Cellular ATP that is consumed to perform energetically expensive tasks must be replenished by new ATP through the activation of metabolism. Neuronal stimulation, an energetically demanding process, transiently activates aerobic glycolysis, but the precise mechanism underlying this glycolysis activation has not been determined. We previously showed that neuronal glycolysis is correlated with Ca2+ influx, but is not activated by feedforward Ca2+ signaling (Díaz-García, Meyer, et al., 2021). Since ATP-powered Na+ and Ca2+ pumping activities are increased following stimulation to restore ion gradients and are estimated to consume most neuronal ATP, we aimed to determine if they are coupled to neuronal glycolysis activation. By using two-photon imaging of fluorescent biosensors and dyes in dentate granule cell somas of acute mouse hippocampal slices, we observed that production of cytoplasmic NADH, a byproduct of glycolysis, is strongly coupled to changes in intracellular Na+, while intracellular Ca2+ could only increase NADH production if both forward Na+/Ca2+ exchange and Na+/K+ pump activity were intact. Additionally, antidromic stimulation-induced intracellular [Na+] increases were reduced >50% by blocking Ca2+ entry. These results indicate that neuronal glycolysis activation is predominantly a response to an increase in activity of the Na+/K+ pump, which is strongly potentiated by Na+ influx through the Na+/Ca2+ exchanger during extrusion of Ca2+ following stimulation.

Data availability

All data generated or analysed during this study are included in the manuscript.

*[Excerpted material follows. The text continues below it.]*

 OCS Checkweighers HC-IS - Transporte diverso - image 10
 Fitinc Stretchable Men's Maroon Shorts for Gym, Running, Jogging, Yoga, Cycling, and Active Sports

Article and author information

Author details

  1. Dylan J Meyer

    Department of Neurobiology, Harvard Medical School, Boston, United States
    Competing interests
    No competing interests declared.
    ORCID icon "This ORCID iD identifies the author of this article:" 0000-0001-8453-3813
  2. Carlos Manlio Díaz-García

    Department of Neurobiology, Harvard Medical School, Boston, United States
    Competing interests
    No competing interests declared.
    ORCID icon "This ORCID iD identifies the author of this article:" 0000-0002-4352-2496
  3. Nidhi Nathwani

    Department of Neurobiology, Harvard Medical School, Boston, United States
    Competing interests
    No competing interests declared.
  4. Mahia Rahman

    Department of Neurobiology, Harvard Medical School, Boston, United States
    Competing interests
    No competing interests declared.
  5. Gary Yellen

    Department of Neurobiology, Harvard Medical School, Boston, United States
    For correspondence
    gary_yellen@hms.harvard.edu
    Competing interests
    Gary Yellen, Reviewing editor, eLife.
    ORCID icon "This ORCID iD identifies the author of this article:" 0000-0003-4228-7866

Funding

National Institute of Neurological Disorders and Stroke (R01 NS102586)

  • Gary Yellen

National Institute of General Medical Sciences (R01 GM124038)

  • Gary Yellen

National Institute of Neurological Disorders and Stroke (F32 NS116105)

  • Dylan J Meyer

National Institute of Neurological Disorders and Stroke (F32 NS100331)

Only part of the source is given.